On the consumer level, energy companies are investing heavily in renewable energy. Duke Energy Indiana has a GoGreen Indiana program, and the Indianapolis Power & Light Co. is increasing the amount of people who want to use cleaner energy. 

“We are taking a diverse approach to our power sources,” said Angeline Protogere, a representative from Duke Energy’s Indiana office.

“We don’t think there is just one answer. We believe you need a variety of different sources, like cleaner coal technology. We think you need a multifaceted approach to come up with power in the supply your customers need and have as little impact as possible.”

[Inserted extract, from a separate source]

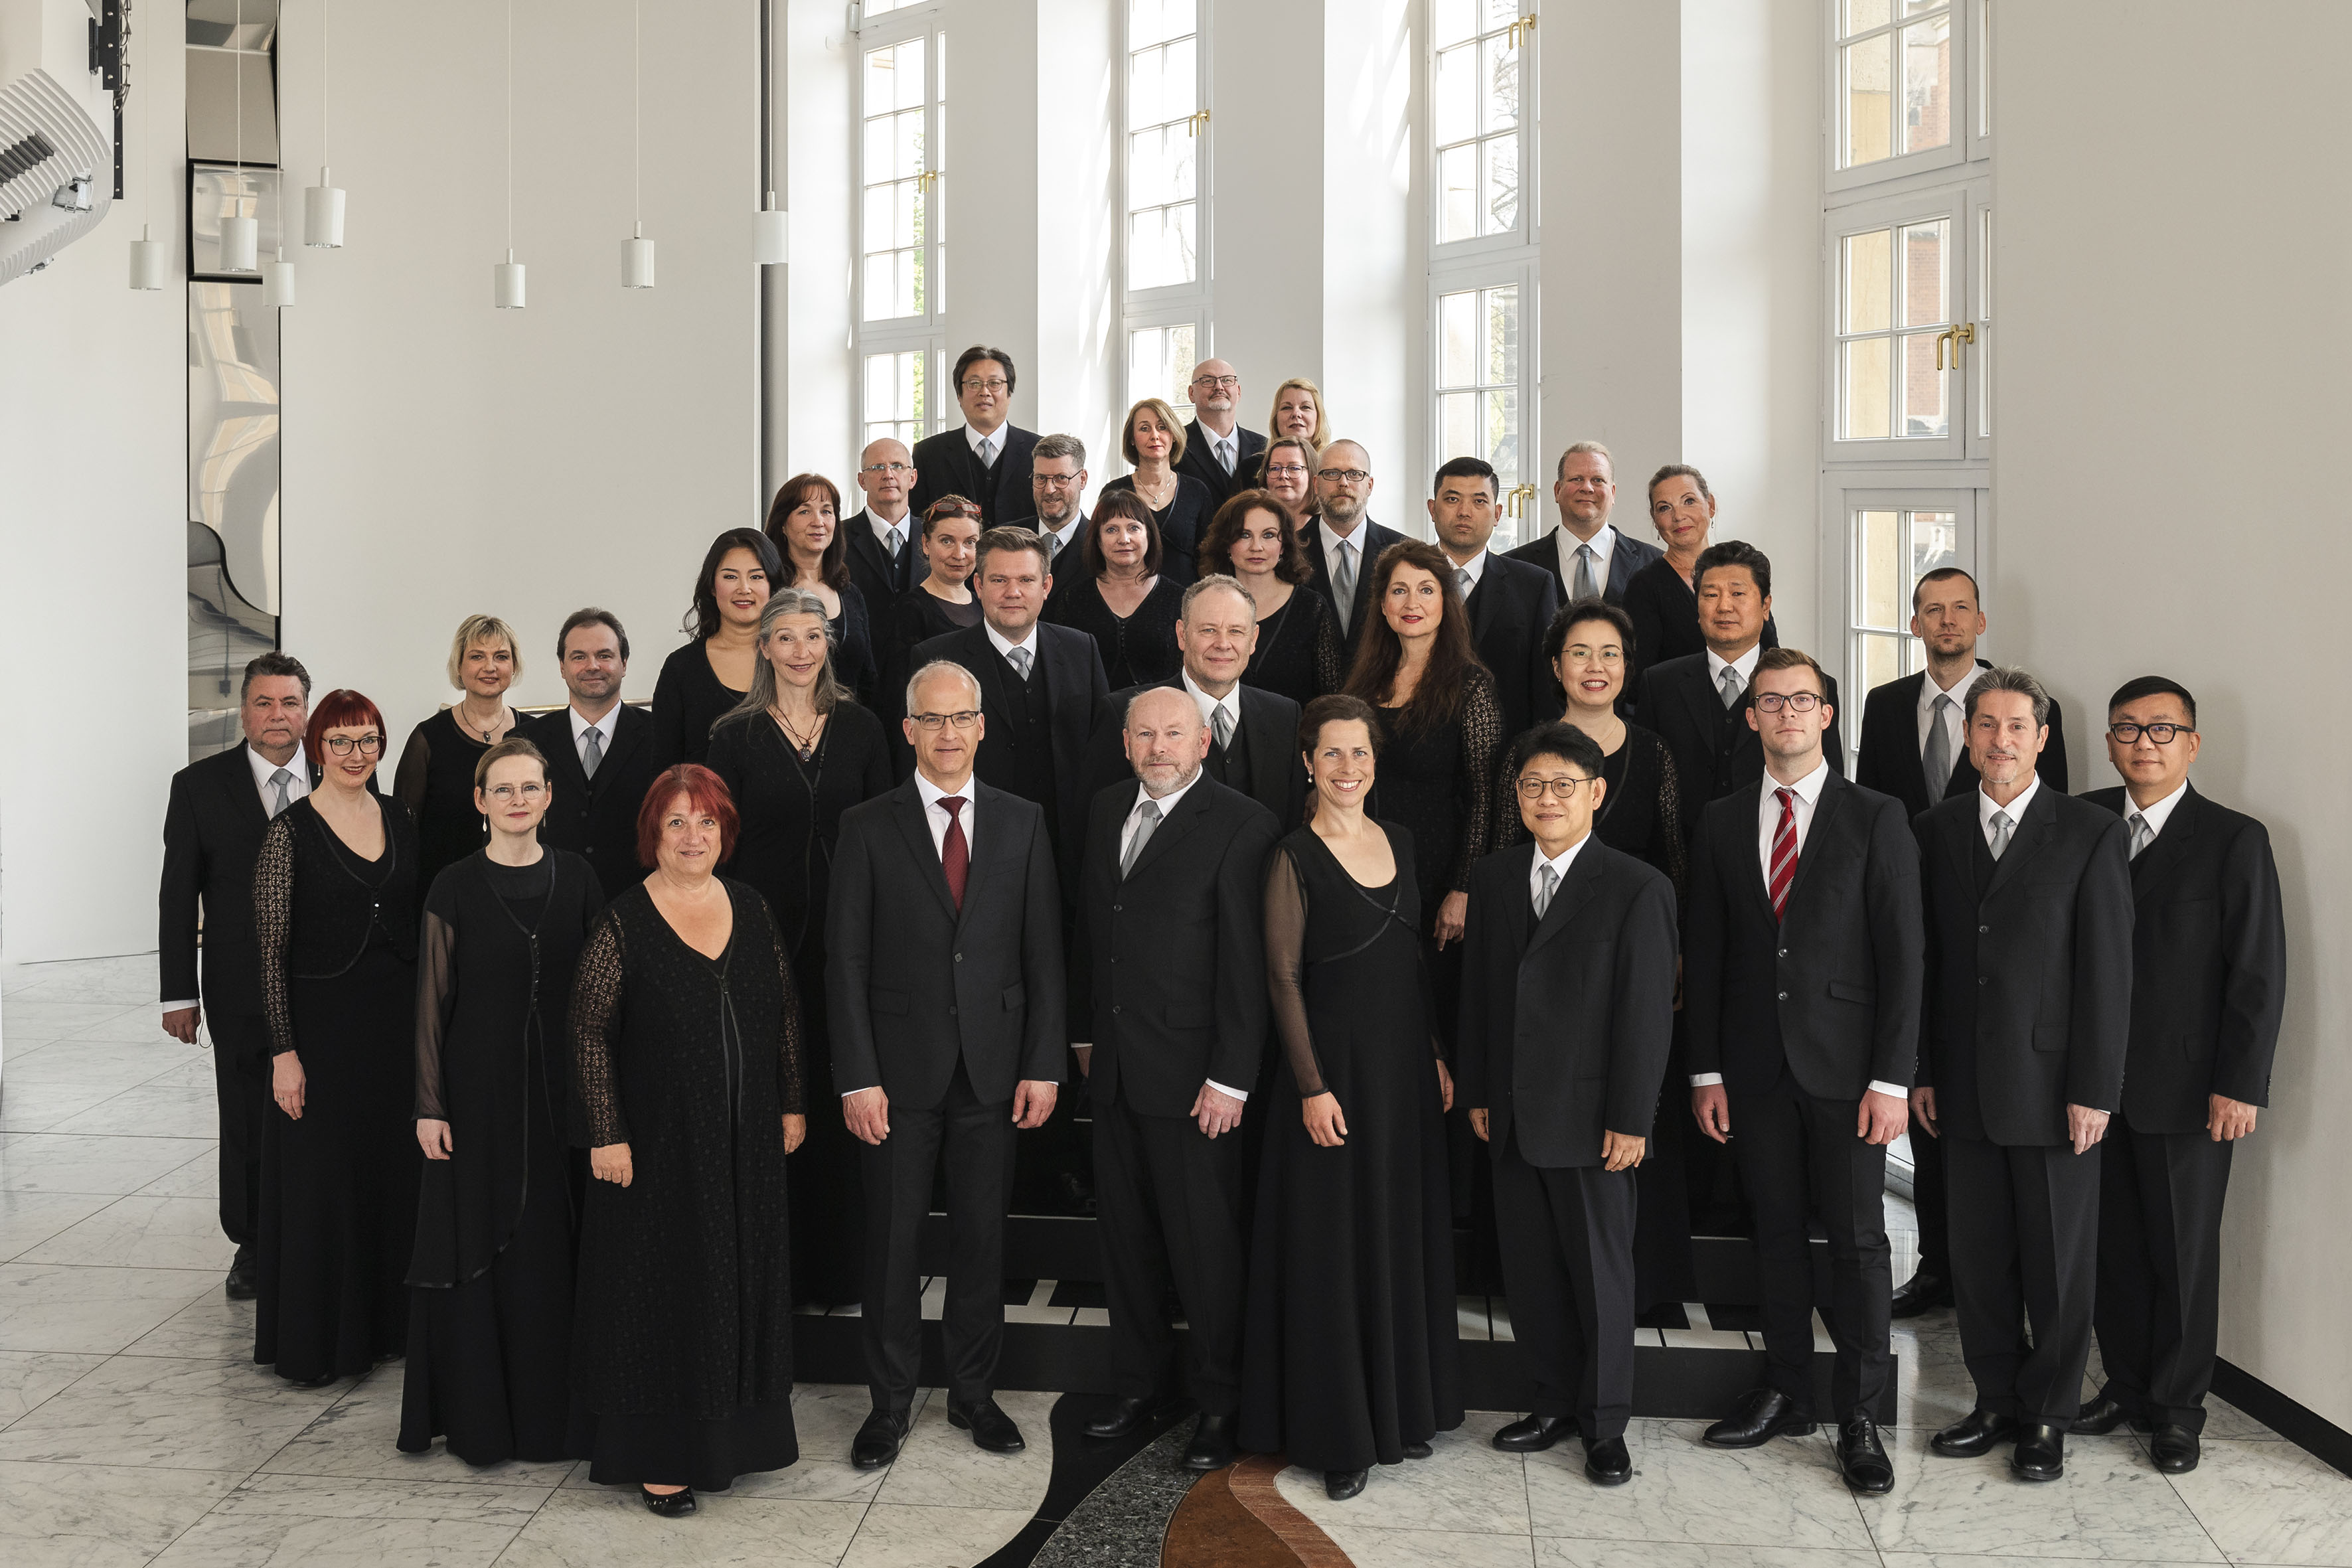 Foto der Mitglieder des Chemnitzer Opernchores, alle Chormitglieder sind schwarz gekleidet und stehen im Rangfoyer des Opernhauses

“The most environmentally benign power plant is the one you never have to regulate because you conserve power,” she added. 

Here at IU, the energy debate is changing, but the University is not completely green.

“I can see several years down the line the possibility of wind power here at IU,” said Elizabeth Danielson, co-director of Collins E-Force, a student environmental group.

“Right now there is a movement to trying to get rid of the coal plant and replace it with natural fuel.”

In a Stanford University study in the Journal of Geophysical Research in 2005, scientists found that the wind power capacity for the entire world was around 72 terawatts, over five times the current energy used in any form. The researchers also conceded that there are many “practical barriers to overcome” in wind energy production.

“I’m worried that the farms in Indiana may have to struggle to compete with the others because they are not in high wind areas,” Brabson said.

As useful as wind energy may seem, Brabson warns that there are limits to every energy source.

“It has not only caught on,” Brabson said, “but it may have exceeded the logic of the process: it’s catching on almost too quickly.”